Many digital services and products collect user data intensively. But we don’t normally think of this as being done by a car, despite the fact that many of them are easily connected to the internet. The Mozilla Foundation has published a report that warns of the enormous amount of personal data collected by manufacturers, based on a study of the privacy policies of 25 major automobile brands. The study takes the United States as a reference point, although the Mozilla Foundation has also reviewed the privacy policies of the European Union, with a particular focus on Germany. The organization’s researchers examined the major brands on the market, such as Toyota, Volkswagen, BMW, Ford, Kia, Hyundai and Tesla.

The report’s findings are striking. According to the study, car manufacturers can collect more personal data than is necessary to operate and improve their vehicles. Among these are demographic data — name, age, gender, home address — but also user names on social networks or the contacts in your address book. In addition, some brands can even collect a car owner’s ethnicity, facial expressions, and information about their health and sex life.

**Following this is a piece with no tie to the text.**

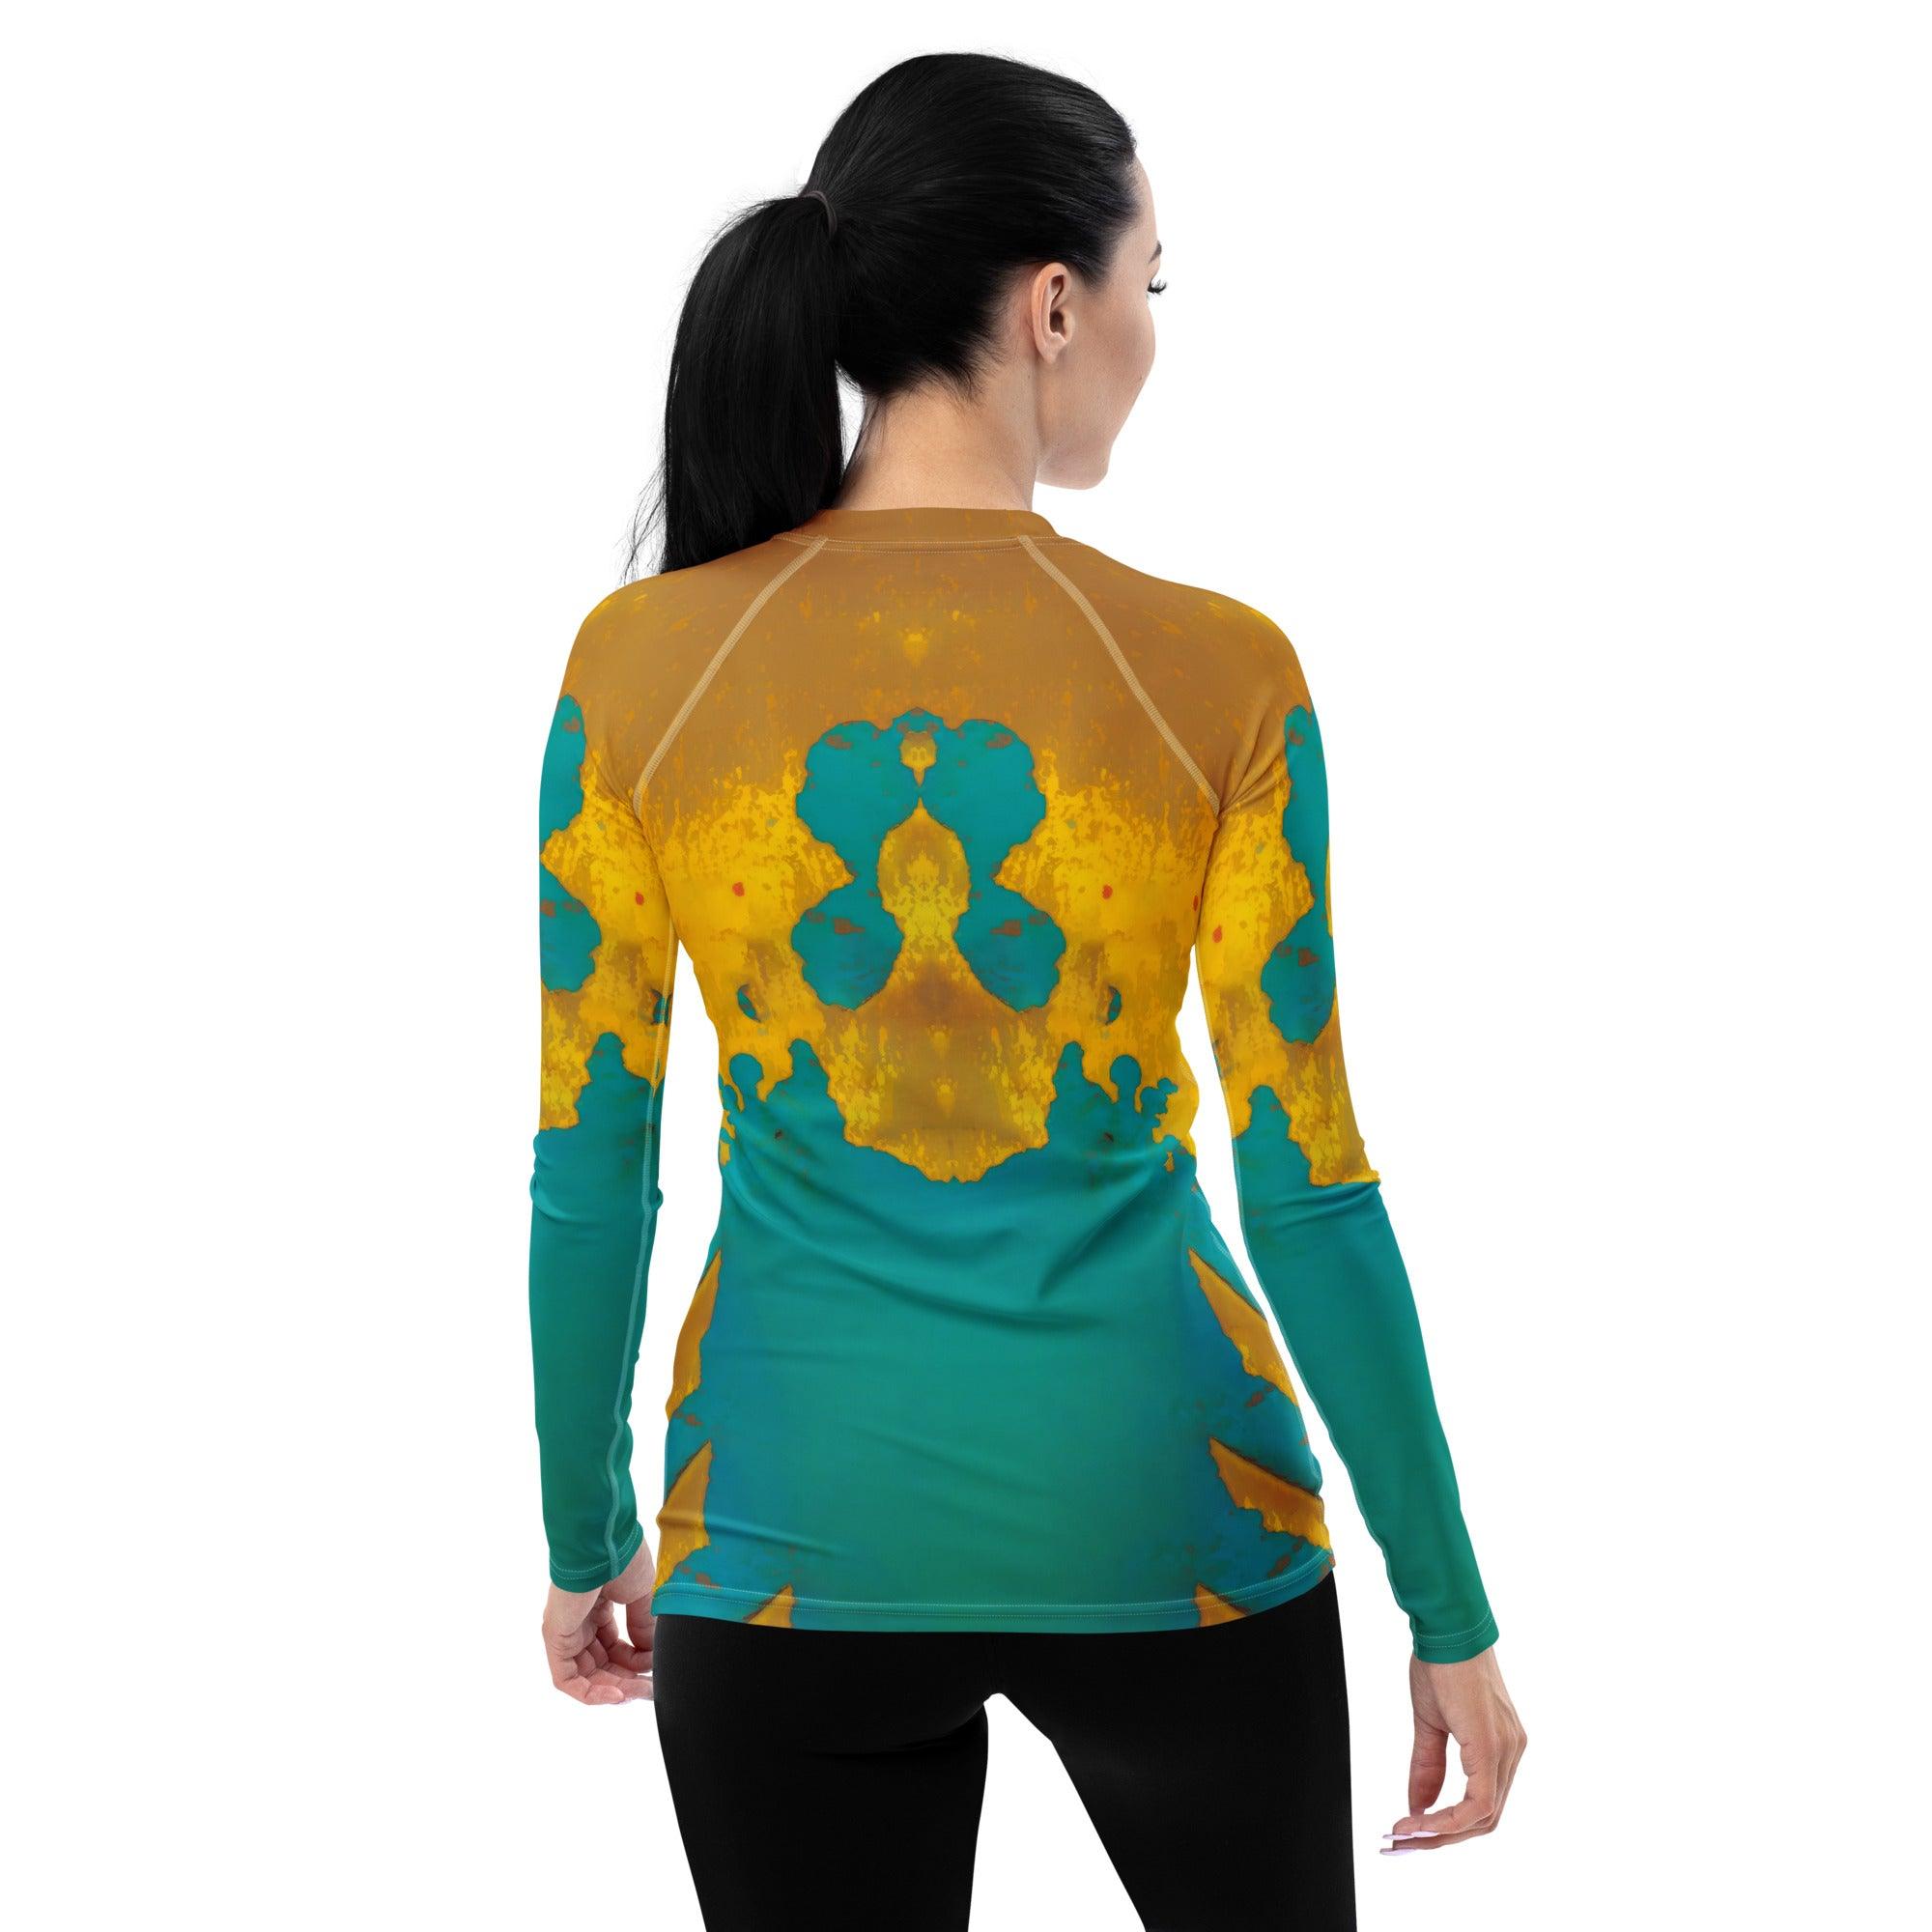 Close-up of the NS-810 Women's Rash Guard material and texture.

After learning of the report, EL PAÍS contacted the Spanish subsidiary of several automotive brands to find out how their privacy policies are adapted to the national territory. Only Nissan Iberia replied, stating that it strictly complies with the European General Data Protection Regulation (GDPR), and that it does not collect or process sensitive personal data. “The statements made in that report on the collection and processing of personal data are not related to data privacy practices in Nissan Europe, to which we adhere in all countries in this market,” the company said. Nissan did not specify what kind of personal data its cars collect or what kind of consent is requested from the owner.

Samuel Parra, a lawyer specializing in technology law, notes that for the processing of our data to be valid, consent must be an informed process. “If they want a customer to consent to four different treatments [the term treatment includes the collection and subsequent processing or transfer of information] they have to offer them four separate boxes [to tick]. Block acceptance of the entire privacy policy renders the consent invalid.”

Cars, therefore, cannot collect any personal data, including any information that can identify the person or the vehicle. “If they add that your car has traveled from Murcia to Madrid, they are geolocating the vehicle in space and time. And this information can be considered personal,” Parra points out.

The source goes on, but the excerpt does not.